The model for momentum transport has a similar structure to the model for mass transport. Recall that in Fick’s Law of Diffusion, mass transport, i.e. diffusion, was proportional to the concentration gradient and the constant of proportionality was this property called diffusivity. The equation was:

J = -D(dC/dx)

The corresponding model for momentum transport is Newton’s law of viscosity (Newton had a lot of laws). The equation for that is:

τ = -μ(dv/dx)


τ is shear stress, the flux of momentum transport
v is velocity
x is position
μ is viscosity, the applicable constant of proportionality in this case

So in Newton’s law of viscosity the momentum transport, i.e. shear stress, is proportional to the velocity gradient and the constant of proportionality is viscosity. You have higher momentum transport with a higher gradient, i.e. change, in velocity along the radius of the pipe. Why does that happen?

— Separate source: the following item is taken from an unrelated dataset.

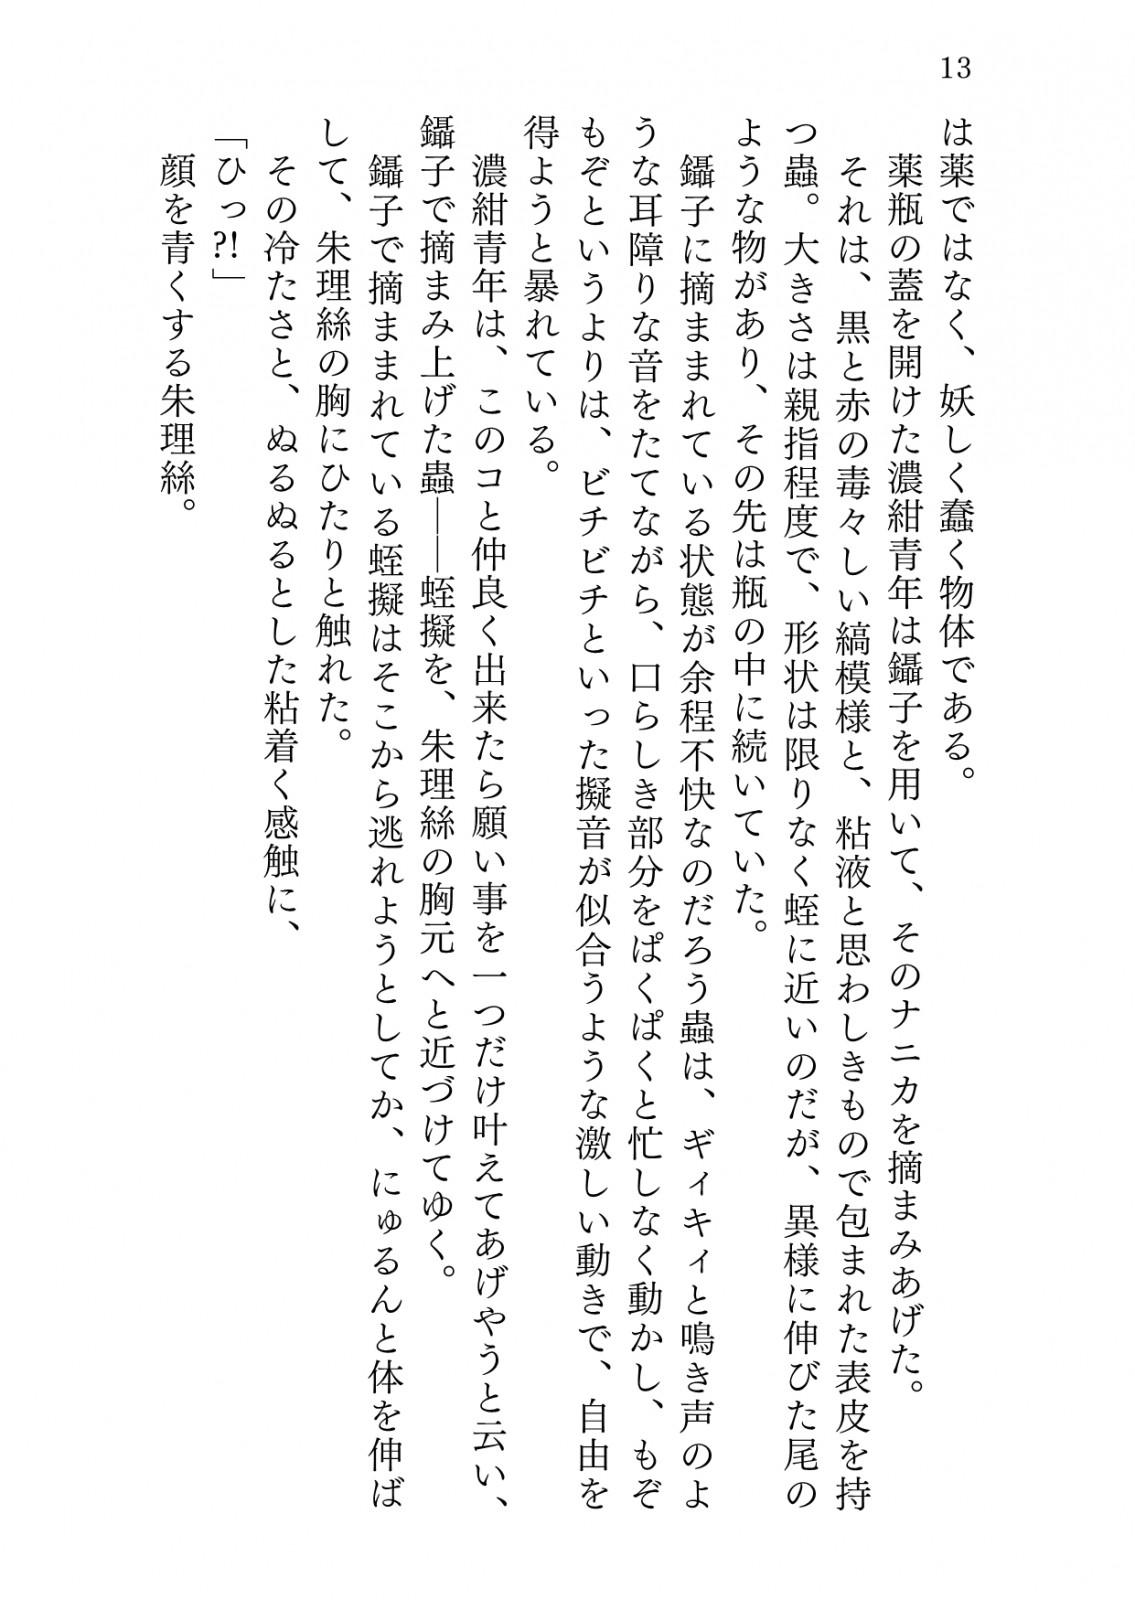 マナツニミルマヒルノユメのサンプル画像6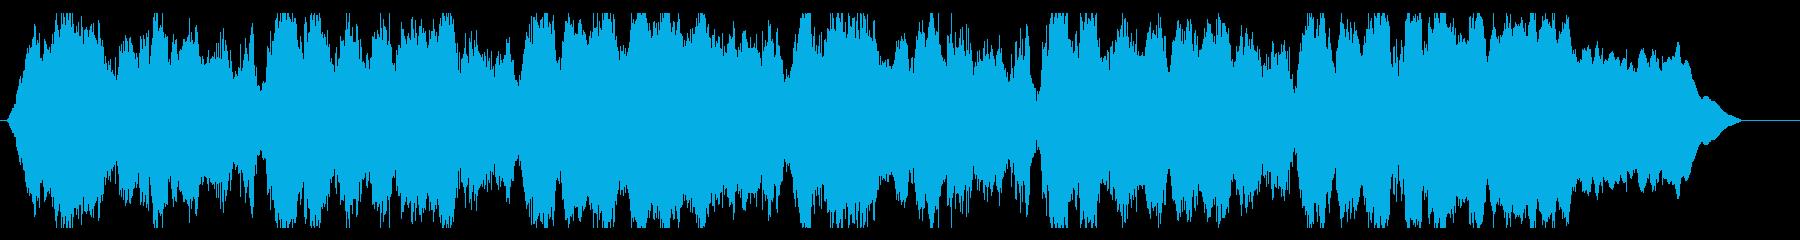 幻想的、ミステリアスっぽいアンビエントの再生済みの波形

So they actually asked some students to explain this in their own words to see on what geometric scales they would make their descriptions. The prompt was: “Explain in your own words (no equations) how momentum is transferred through a fluid via viscous action.” And they evaluated the descriptions as one being of the three scales (or a mixture of them) using this rubric. So here are examples from the rubric of explanations at each of those scales:

Macroscopic explanation: The pressure at the pipe inlet is increased (usually by pumping) which causes the fluid to move through the pipe. Friction between fluid and pipe wall results in a pressure drop in the direction of flow along the pipe length. The fluid at the wall does not move (no-slip condition) while fluid furthest away from the wall (at the pipe centerline) flows the fastest, so momentum is transferred from the center (high velocity and high momentum) to the wall (no velocity and no momentum).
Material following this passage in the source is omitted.